I think this should be a very standard prediction/regression case for LSTM and easily transferrable to other problem domains.

So, how should the data be formatted (X_train, y_train) for minimum redundancy and how do I initialize the Sequential model with only one LSTM layer and a couple of hidden neurons?

Kind Regards, Theo

PS: I started coding this:

...
X_train
Out[6]: 
array([[  2.87500000e+01,   2.88750000e+01,   2.87500000e+01,
      2.87500000e+01,   1.17258400e+08,   4.31358010e-01],
   [  2.73750019e+01,   2.73750019e+01,   2.72500000e+01,
      2.72500000e+01,   4.39712000e+07,   4.08852011e-01],
   [  2.53750000e+01,   2.53750000e+01,   2.52500000e+01,
      2.52500000e+01,   2.64320000e+07,   3.78845006e-01],
   ..., 
   [  9.23899994e+01,   9.43899994e+01,   9.16500015e+01,
      9.38799973e+01,   6.11406000e+07,   9.38799973e+01],
   [  9.45500031e+01,   9.46999969e+01,   9.30100021e+01,
      9.34899979e+01,   4.65074000e+07,   9.34899979e+01],
   [  9.41600037e+01,   9.52099991e+01,   9.38899994e+01,
      9.45599976e+01,   4.19231000e+07,   9.45599976e+01]], dtype=float32)

y_train
Out[7]: 
array([  0.40885201,   0.37884501,   0.38822201, ...,  93.87999725,
   93.48999786,  94.55999756], dtype=float32)

So far, the data is ready. There is no redundancy introduced. Now the question is, how to describe a Keras LSTM model / training process on this data.

EDIT 3:

Here is the updated code with the 3D data structure required for recurrent networks. (See answer by Lorrit). It does not work, though.

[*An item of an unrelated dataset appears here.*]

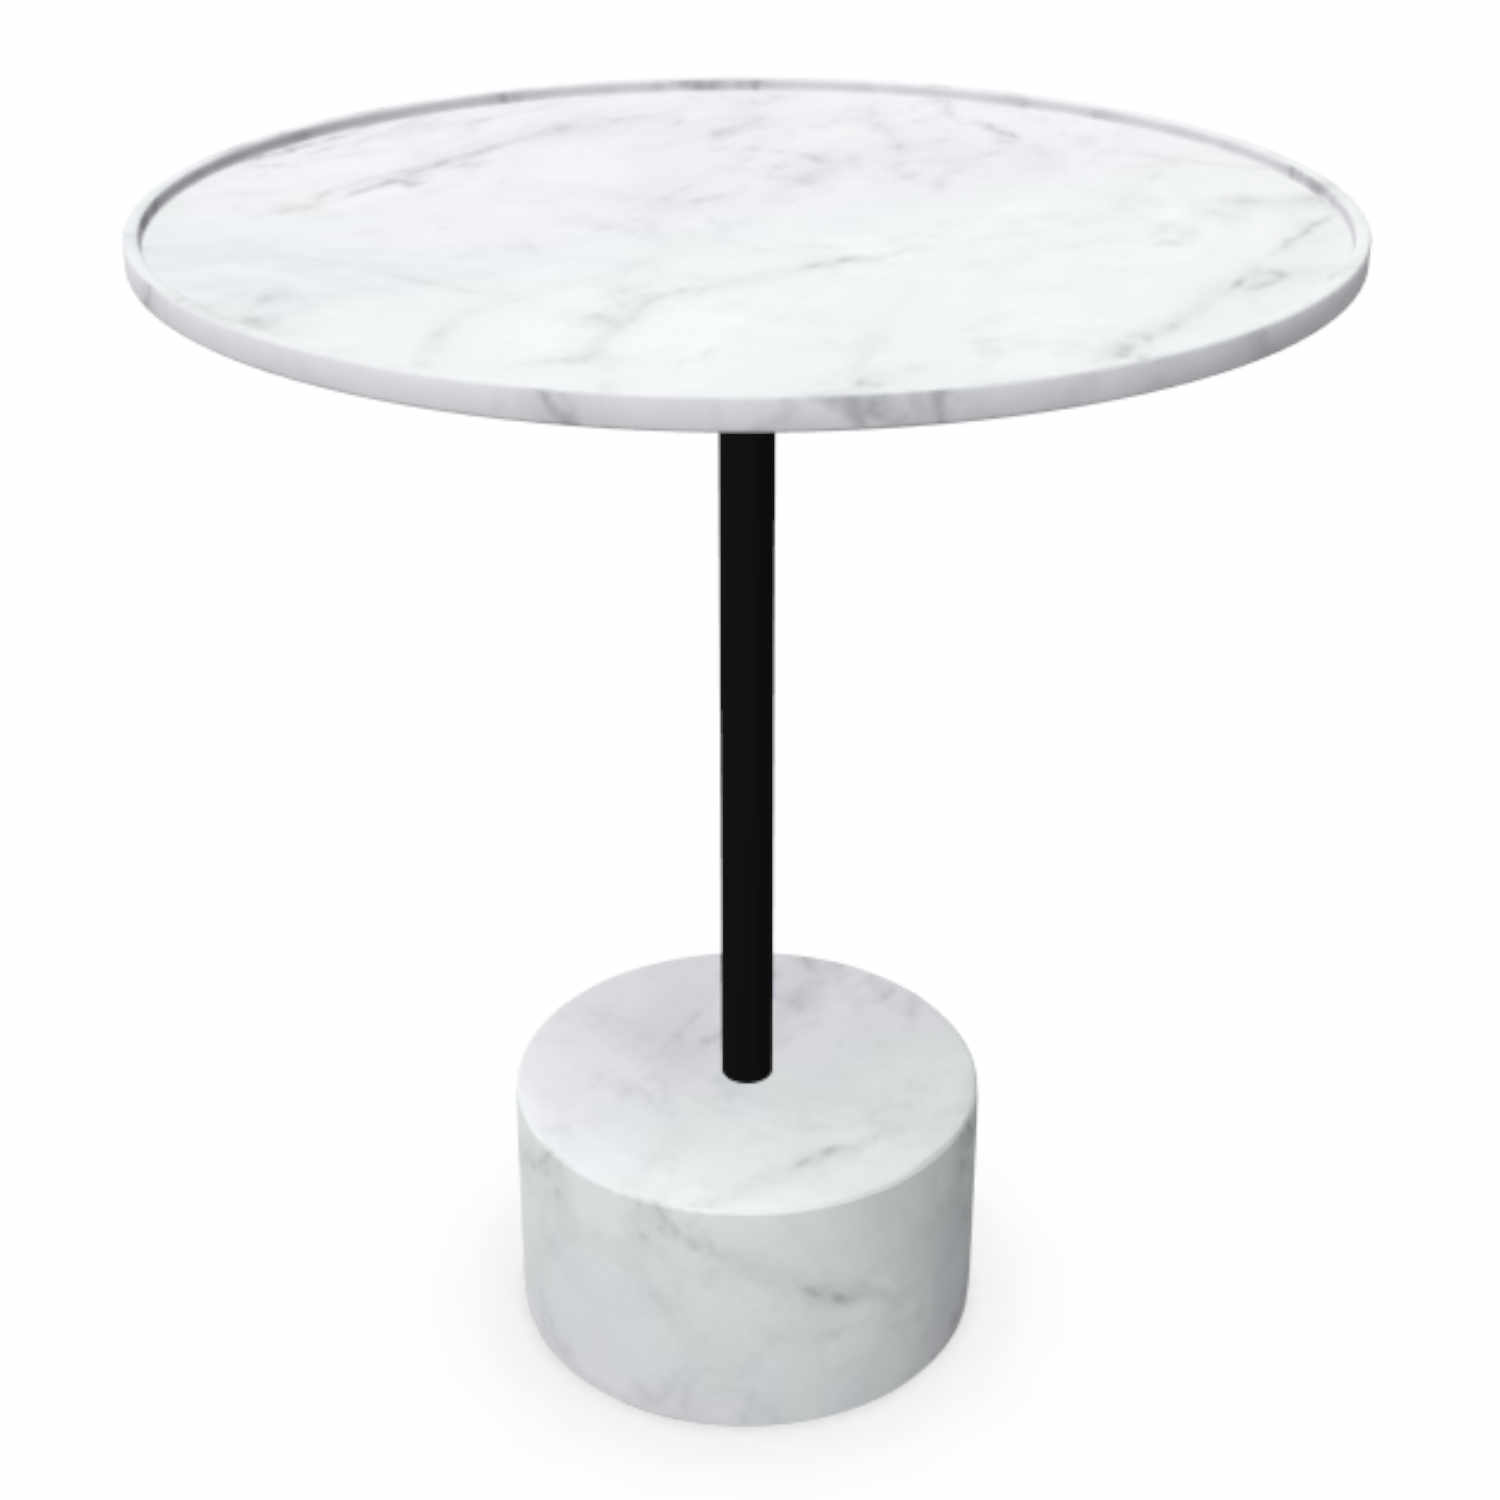 9 Table 194 Beistelltisch, Grösse h. 55 x d. 40 cm, Basis / Platte marmor carrara weiss / platte alu & glas kaffee von Cassina

EDIT 4: removed the extra comma after Activation('sigmoid'), shaped Y_train in the correct way. Still the same error.

import numpy as np

from keras.models import Sequential
from keras.layers import Dense,  Activation, LSTM

nb_timesteps    =  4
nb_features     =  5
batch_size      = 32

# load file
X_train = np.genfromtxt('table.csv', 
                        delimiter=',',  
                        names=None, 
                        unpack=False,
                        dtype=None)

# delete the first row with the names
X_train = np.delete(X_train, (0), axis=0)

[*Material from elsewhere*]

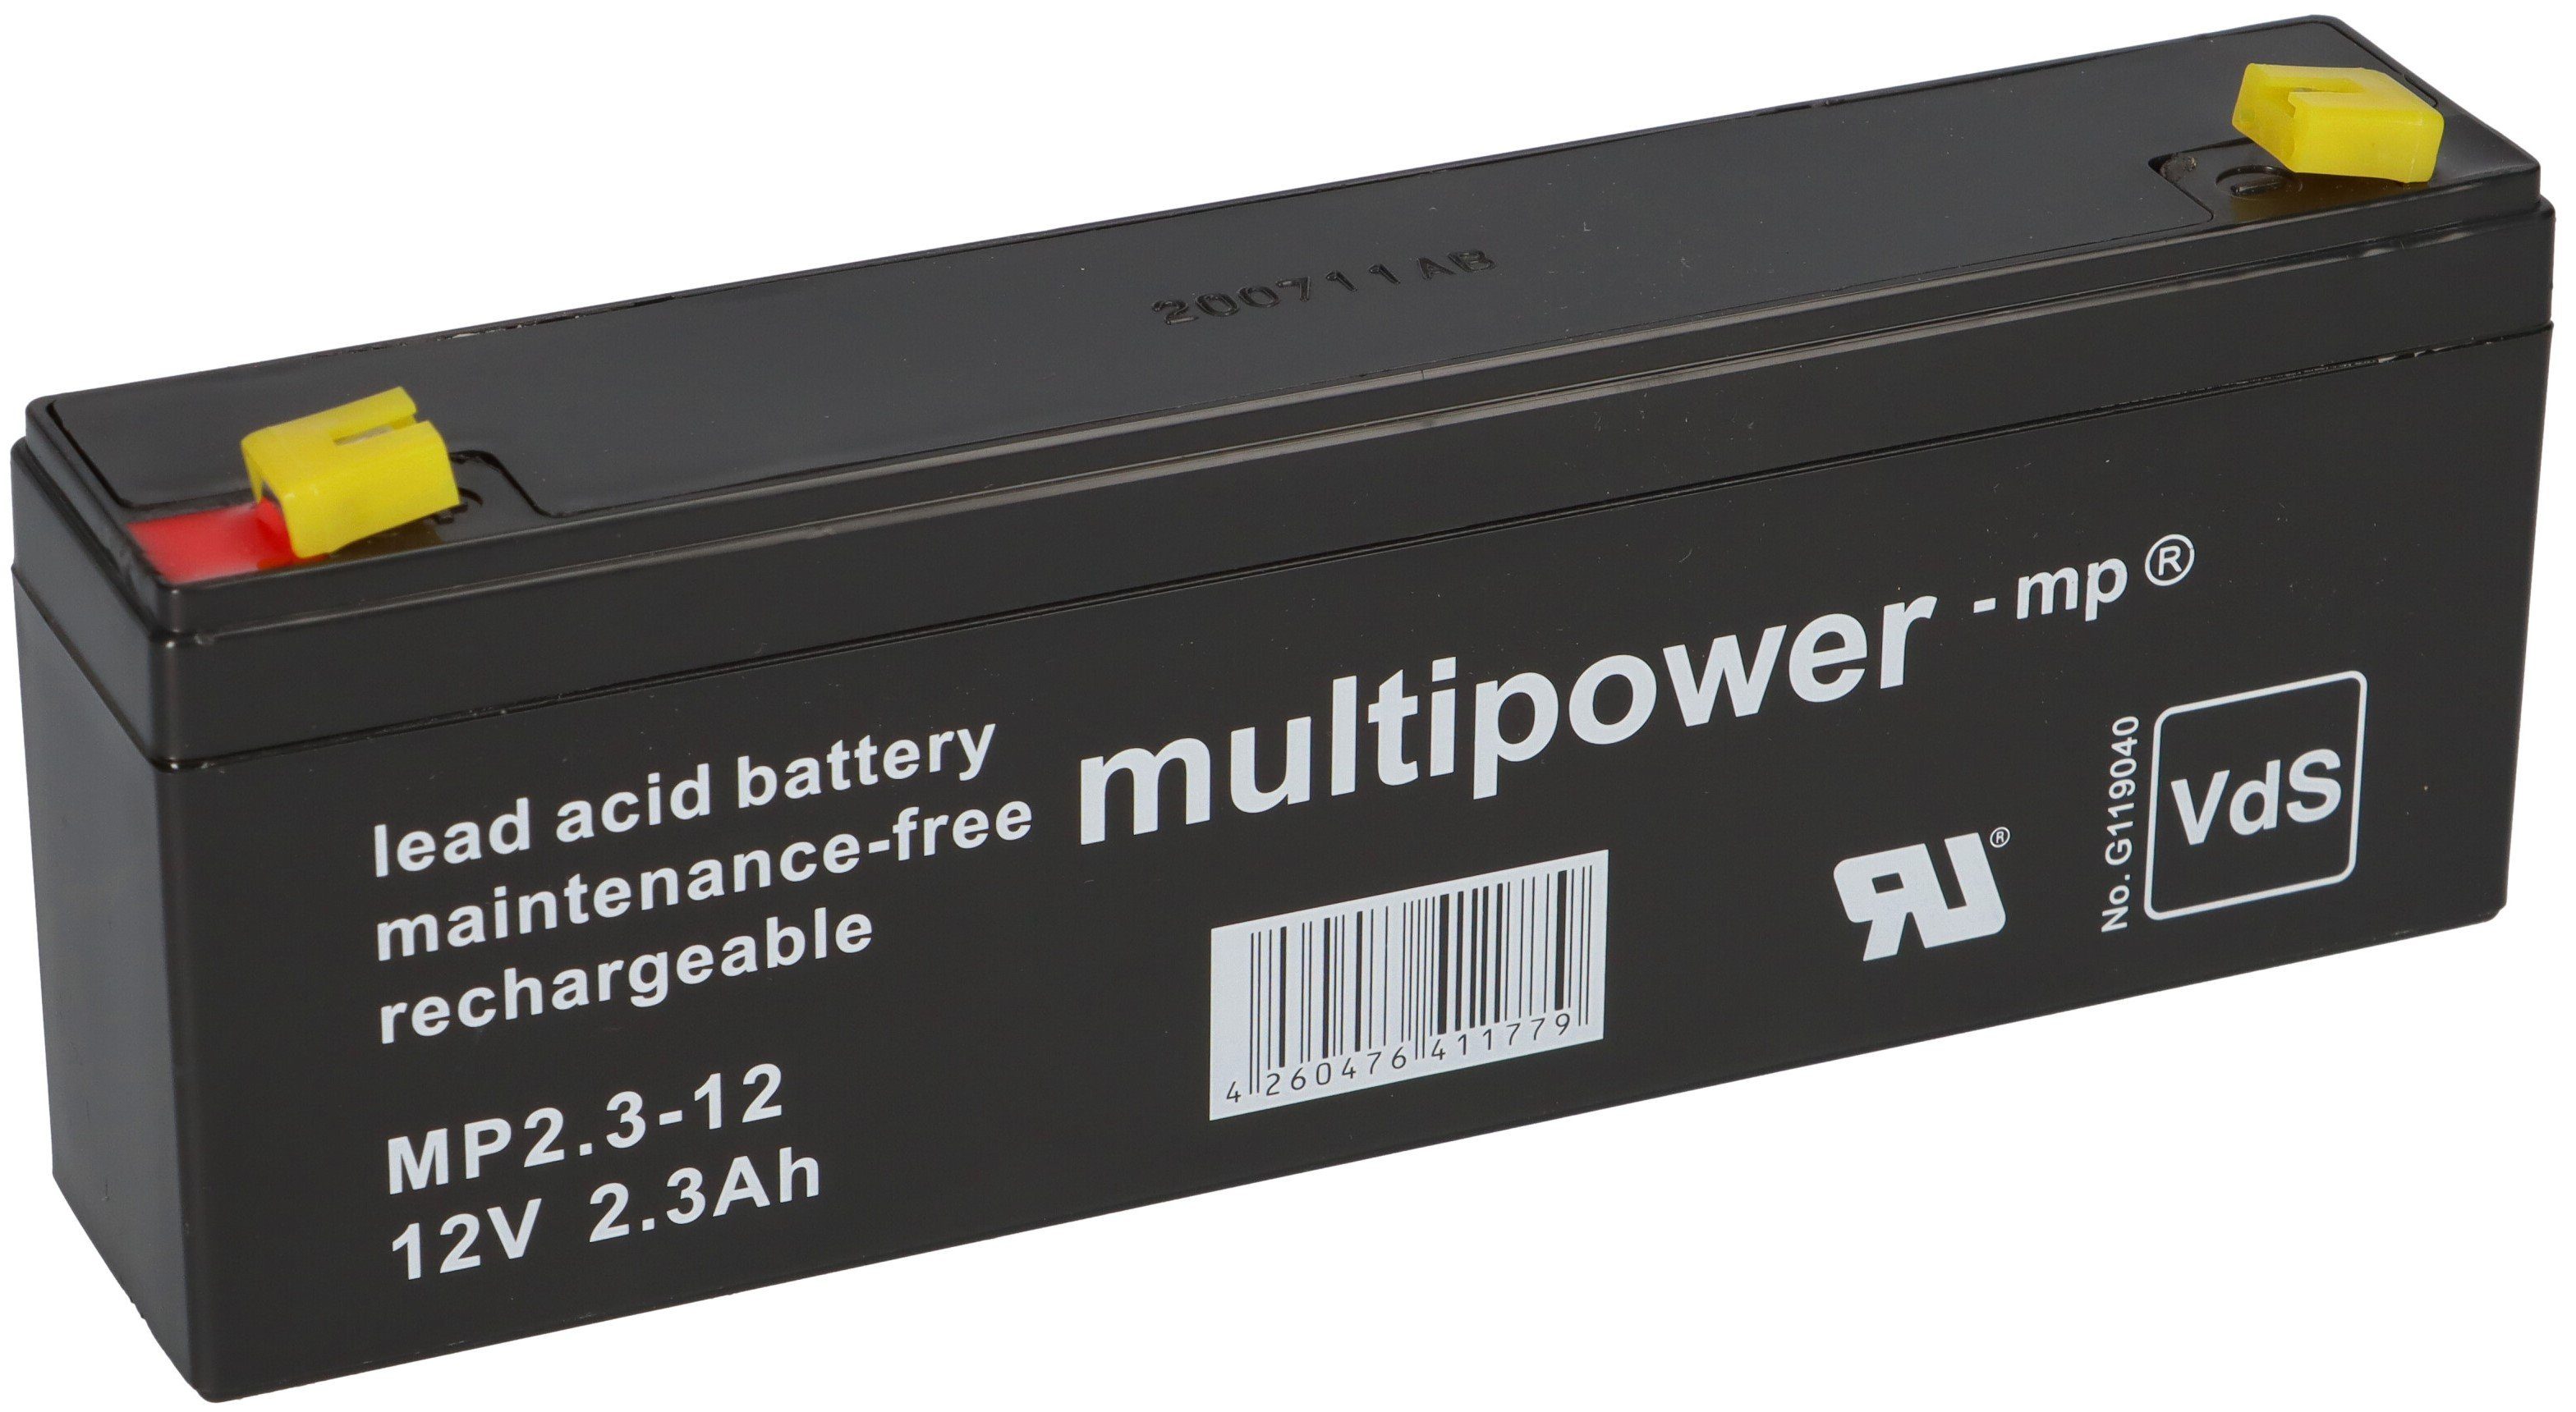 Multipower Multipower 2,3Ah VdS G107033, MP2,3-12 1x 12V Faston Blei-Akku Pb 4,8 Bleiakkus

# invert the order of the rows, so that the oldest
# entry is in the first row and the newest entry
# comes last
X_train = np.flipud(X_train)

# the last column is our Y
Y_train = X_train[:,6].astype(np.float32)

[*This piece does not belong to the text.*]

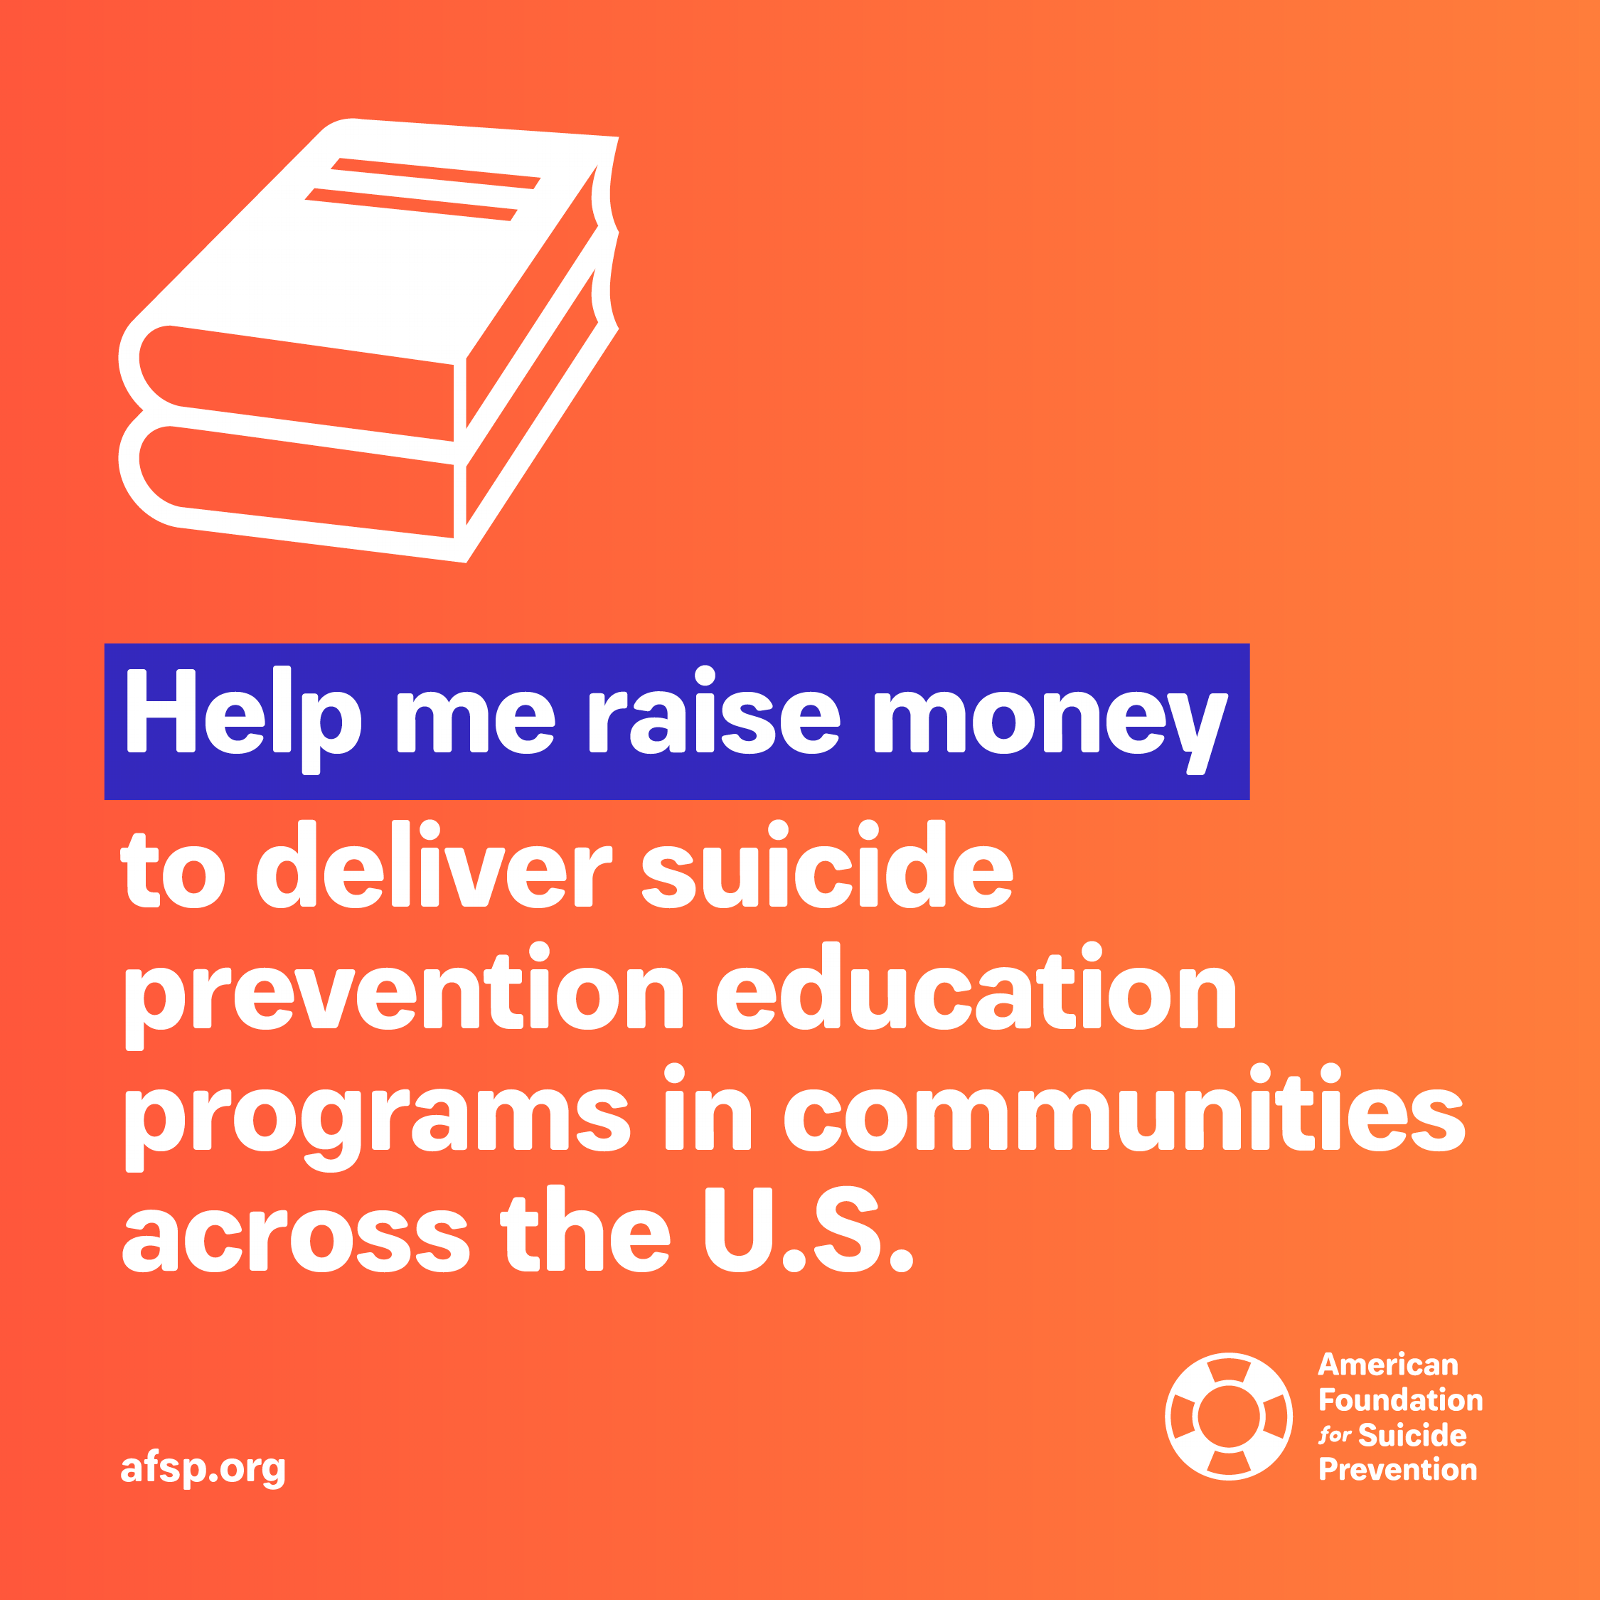 Help me raise money to deliver suicide prevention education programs in communities across the U.S.

Y_train = np.delete(Y_train, range(0,6))
Y_train = np.array(Y_train)
Y_train.shape = (len(Y_train), 1)

# we don't use the timestamps. convert the rest to Float32
X_train = X_train[:, 1:6].astype(np.float32)

# shape X_train
X_train.shape = (1,len(X_train), nb_features)


# Now comes Lorrit's code for shaping the 3D-input-data
# http://stackoverflow.com/questions/36992855/keras-how-should-i-prepare-input-data-for-rnn
flag = 0

for sample in range(X_train.shape[0]):
    tmp = np.array([X_train[sample,i:i+nb_timesteps,:] for i in range(X_train.shape[1] - nb_timesteps + 1)])

    if flag==0:
        new_input = tmp
        flag = 1

    else:
        new_input = np.concatenate((new_input,tmp))

X_train = np.delete(new_input, len(new_input) - 1, axis = 0)
X_train = np.delete(X_train, 0, axis = 0)
X_train = np.delete(X_train, 0, axis = 0)
# X successfully shaped

# free some memory
tmp = None
new_input = None


# split data for training, validation and test
# 50:25:25
X_train, X_test = np.split(X_train, 2, axis=0)
X_valid, X_test = np.split(X_test, 2, axis=0)

Y_train, Y_test = np.split(Y_train, 2, axis=0)
Y_valid, Y_test = np.split(Y_test, 2, axis=0)


print('Build model...')

model = Sequential([
    Dense(8, input_dim=nb_features),
    Activation('softmax'),
    LSTM(4, dropout_W=0.2, dropout_U=0.2),
    Dense(1),
    Activation('sigmoid')
])

model.compile(loss='mse',
              optimizer='RMSprop',
              metrics=['accuracy'])

print('Train...')
print(X_train.shape)
print(Y_train.shape)
model.fit(X_train, Y_train, batch_size=batch_size, nb_epoch=15,
          validation_data=(X_test, Y_test))
score, acc = model.evaluate(X_test, Y_test,
                            batch_size=batch_size)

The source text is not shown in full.